Bloomberg first reported Thursday that SoftBank has scaled back its planned margin loan by 40% after multiple lenders got cold feet. The reason is straightforward: banks are not comfortable putting a reliable price tag on a private company, even one that calls itself the most valuable startup in history. When the collateral backing your loan cannot be marked to a public market price on any given day, lenders get nervous. Several did.
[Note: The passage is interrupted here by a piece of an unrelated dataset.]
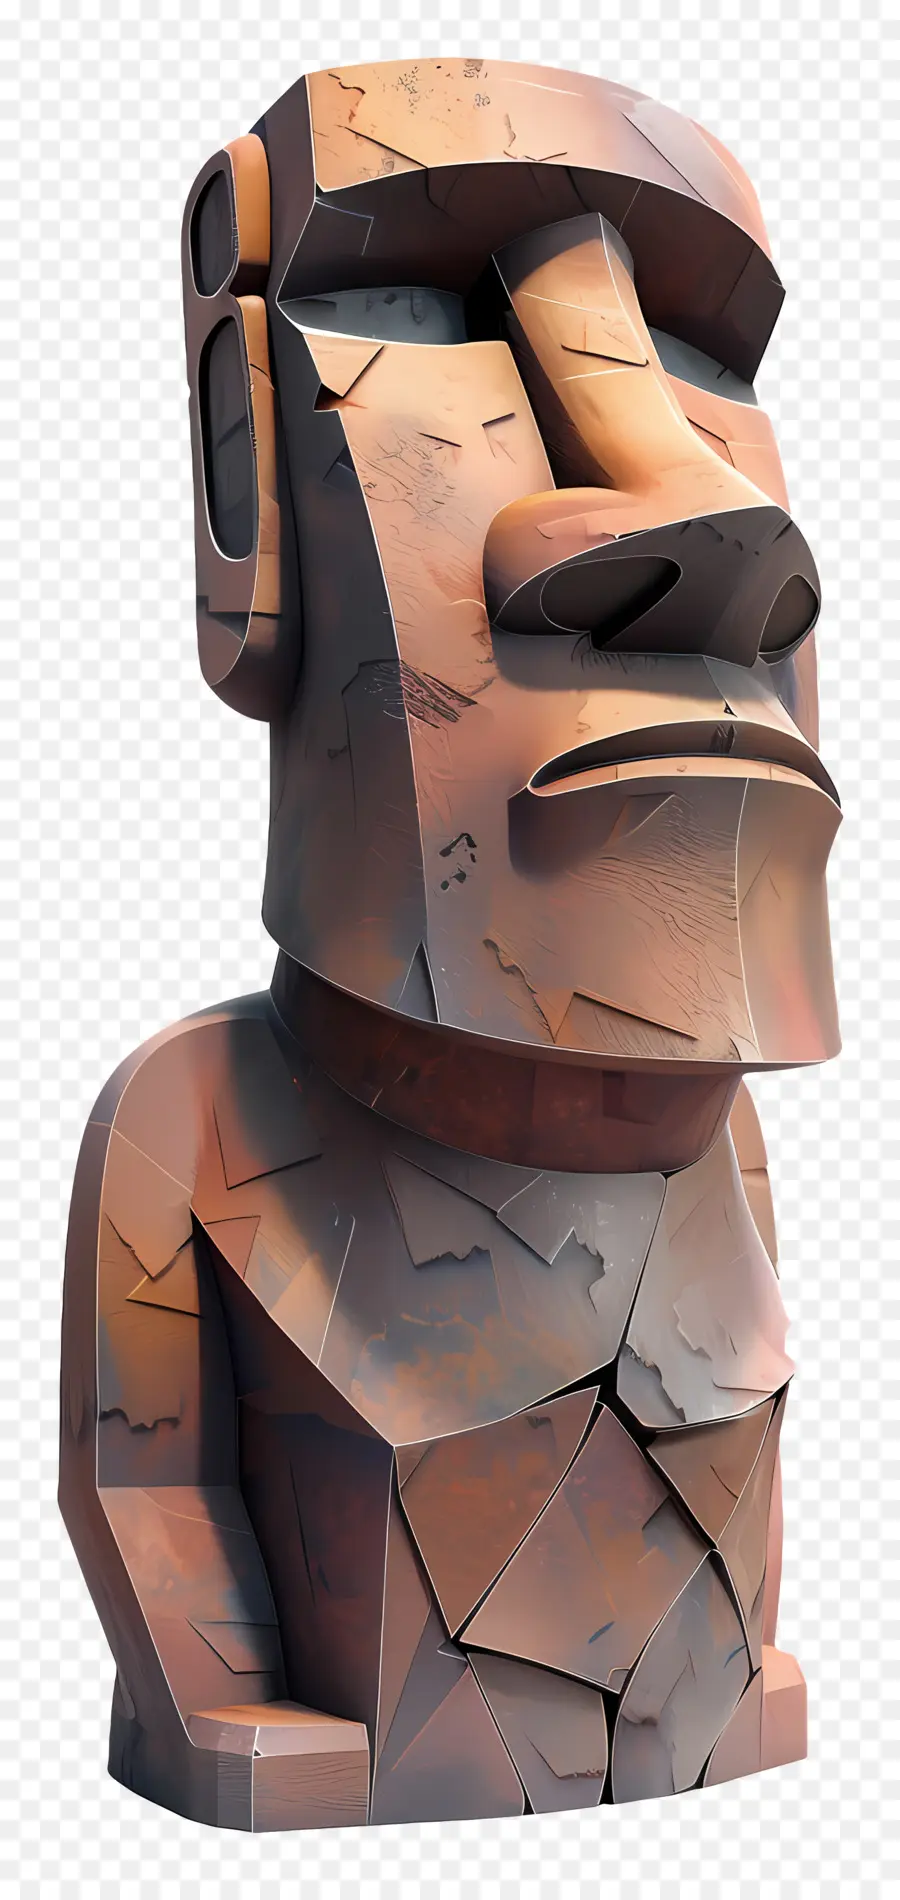 Moai Abstract Statue Human Figur Skulptur Stilisierter Gesichtsstatue Rough Materialkunst - Raue, verwitterte Statue des abstrakten menschlichen Gesichts

The Mechanics of Betting on Private AI

The deal is structured as a margin loan: SoftBank puts up its OpenAI stake as collateral, borrows against it, and uses the cash for general corporate purposes and additional AI investments. The loan would run for two years, with an option to extend for a third. SoftBank first invested in OpenAI in September 2024 and took out a separate $40 billion bridge loan in March 2026 to fund additional OpenAI investments.

The problem is not OpenAI's revenue. The company is reportedly generating $25 billion in annualized revenue and growing fast. The problem is that "growing fast" and "reliably worth $730 billion" are different claims, and lenders care about the second one. OpenAI's valuation doubled in 10 months, from roughly $300 billion to $730 billion. That trajectory makes equity investors salivate and debt underwriters sweat.

Why This Matters Beyond SoftBank

This is the first major signal that traditional finance is drawing a line on private AI valuations. Venture capital rounds can price companies at whatever the last investor agreed to pay. Debt markets are different. Banks lending against collateral need to model downside scenarios, and "what is OpenAI worth if revenue growth slows" is a question that produces wildly different answers depending on who you ask.

The timing is also notable. OpenAI is reportedly targeting an IPO in late 2026 at a valuation approaching $1 trillion, with Goldman Sachs advising. If lenders are balking at OpenAI's private valuation now, public market investors will be watching the discount carefully. Meanwhile, the Musk v. OpenAI trial, now entering its third week in Oakland, adds legal uncertainty that no margin loan model can easily price.

SoftBank and OpenAI declined to comment, according to Reuters. The final loan number could still shift as negotiations continue. But the direction of the shift tells you something: when the smartest money in AI gets told "your collateral might not be worth what you think it is," the rest of the market should take notes.

First reported by Bloomberg. Confirmed by Reuters.